Special Types of SSL Certificates

The most popular certificates are web server authentication certificates for securing a web site but there are several other special types of certificates. By understanding the differences between different types of SSL certificates you can avoid problems such as trying to use a certificate for something that it isn't meant to do.

Web server authentication certificates

A web server authentication certificate is the normal type of certificate that is issued to secure web site traffic or other data connections. This is generally what people refer to when they use the term SSL certificate. All certificates listed in the SSL Certificate Wizard are web server authentication certificates. Although their primary use is to secure web servers, they can sometimes be used to secure email servers, file transfers, and other data connections.

Unified Communications (UC or SAN) certificates

A Unified Communications certificate is a type of web server authentication certificate that secures multiple domain names. It was originally used to secure Unified Communications products such as Live Communications Server and Exchange Server 2007 but it is now used to secure any server that has multiple domain names so it is also called a SAN (Subject Alternative Name) certificate. For example, you could secure www.domain.com, domain.com, mail.domain.com, autodiscover.server.local, etc. all in one certificate. Read our Unified Communications SSL Certificates page to learn more.

Wildcard certificates

A wildcard certificate can secure an unlimited number of first level sub domains on a single domain name. For example, you could get a wildcard certificate with *.yourdomain.com as the common name. This certificate would secure www.yourdomain.com, mail.yourdomain.com, secure.yourdomain.com, anything.yourdomain.com, etc... In other words, it will work on any sub-domain that replaces the wildcard character (*).

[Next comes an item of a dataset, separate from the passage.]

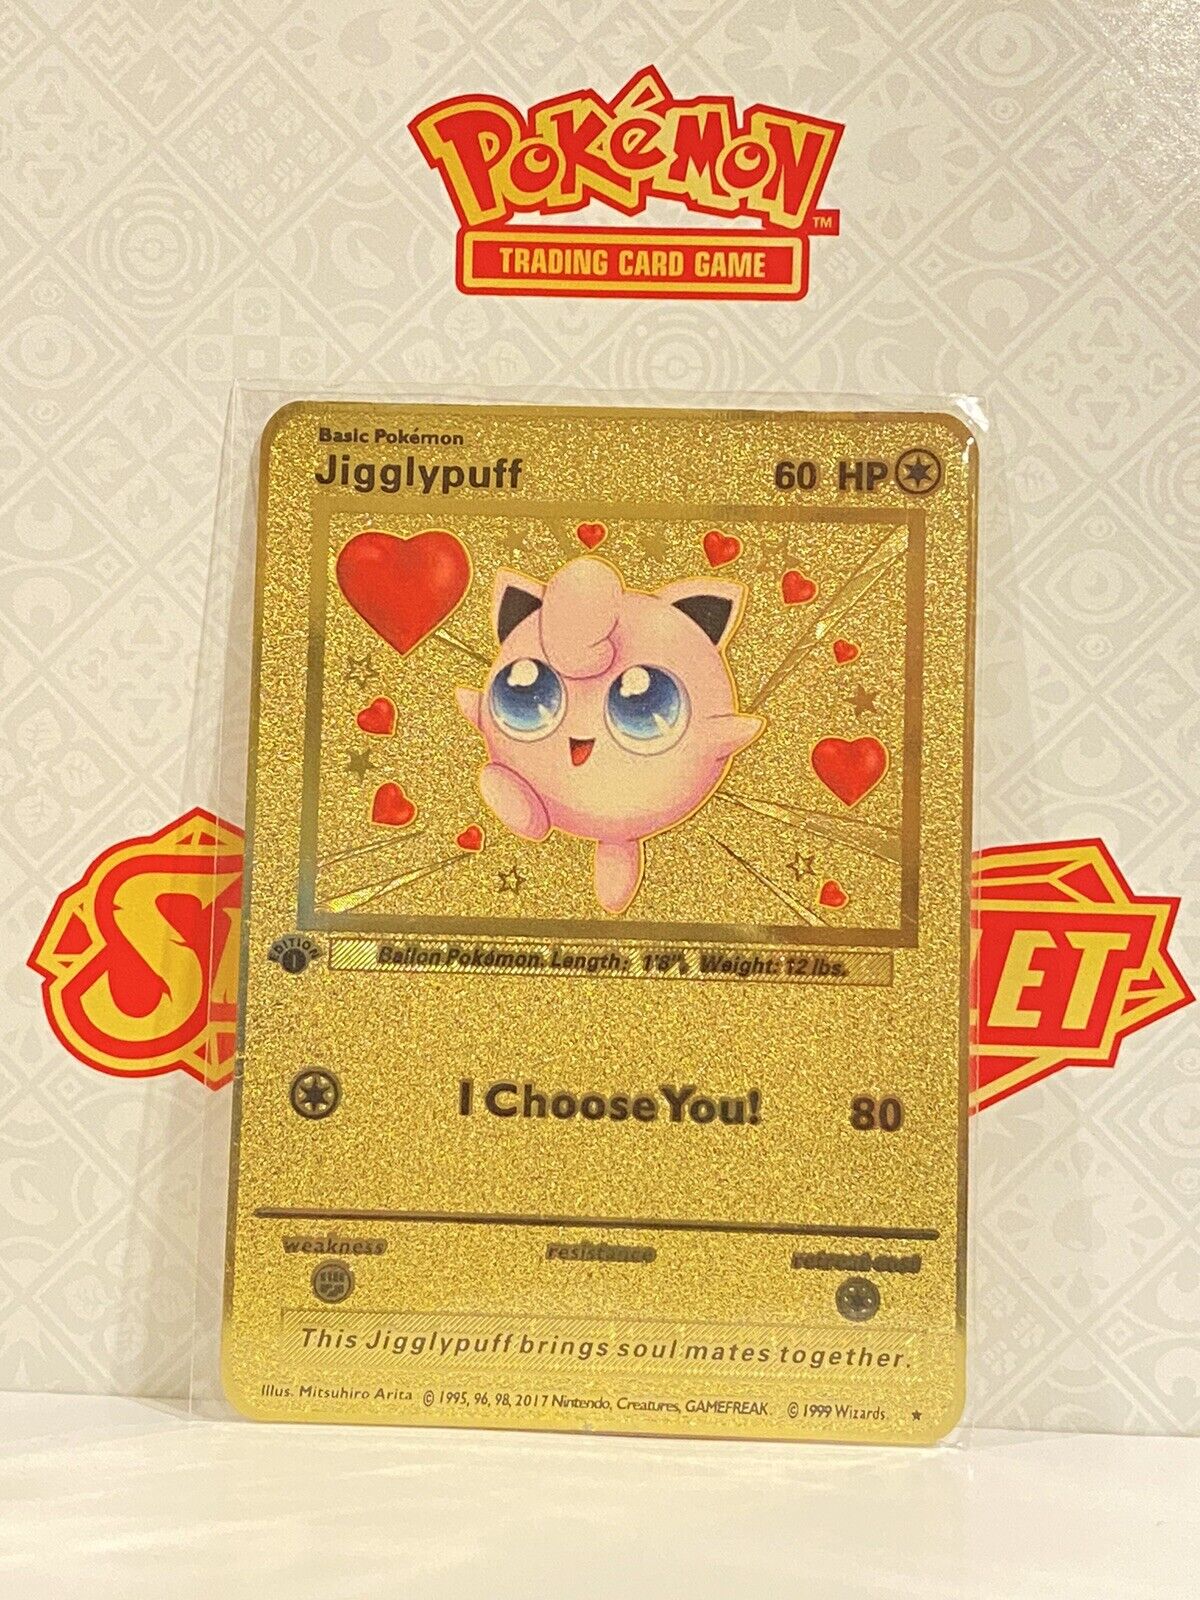 Jigglypuff I choose You Love Gold Metal Pokémon Card- Collectible/Gift/Display

Extended Validation certificates

An Extended Validation (EV) certificate is a new type of certificate that is designed to prevent phishing attacks. It requires extended validation of your business and authorization to order the certificate and can take a few days to a few weeks to receive. It provides even greater assurance to customers than high assurance certificates by making the address bar turn green. Learn more about EV Certificates and compare the cheapest ones.

Low assurance/domain-validated certificates

A low assurance/domain-validated (DV) certificate is a certificate that only includes your domain name in the certificate (not your business or organization name). Certificate authorities usually can automatically verify that you own the domain name by checking the WHOIS record. They can be issued instantly and are cheaper but, as the name implies, they provide less assurance to your customers.

Code signing certificates

A code signing certificate is a certificate that enables you to digitally sign an executable or script to confirm the software author and guarantee that the code has not been altered or corrupted since it was signed. Normal web server authentication certificates can't be used to do this so you need to get a special code signing certificate. Learn more about code signing.

E-mail certificates

An email certificate or S/MIME certificate is primarily used to sign an e-mail to encrypt and guarantee authorship of the e-mail. Learn more about email certificates.

Root signing certificates

Root signing certificates are certificates that you can use to sign other certificates that are linked up to a trusted root certificate. With a root signing certificate, you essentially become your own certificate authority and you can issue certificates that are trusted by all major browsers/clients. Read more about root signing certificates.

Shared SSL certificates

To prevent phishing, SSL certificates are made to work on one specific hostname (or multiple specific hostnames in the case of wildcard certificates and UC certificates) like mail.mydomain.com. If a certificate is used on a different domain name than what is listed in the certificate, a web browser will give a name mismatch error. Many hosting companies offer what is called a shared SSL certificate. A shared SSL certificate is used by multiple sites on the same IP address so that each site doesn't have to get their own certificate.

If you just want your connection encrypted and aren't worried gaining your visitors' trust or preventing phishing attacks on your site, a shared SSL certificate could work well for you. Some hosting companies let you use a folder or subdomain on their domain so that the address bar matches the hostname in the certificate. This avoids the name mismatch errors. Others let you use their certificate on your domain name which will give an error to visitors.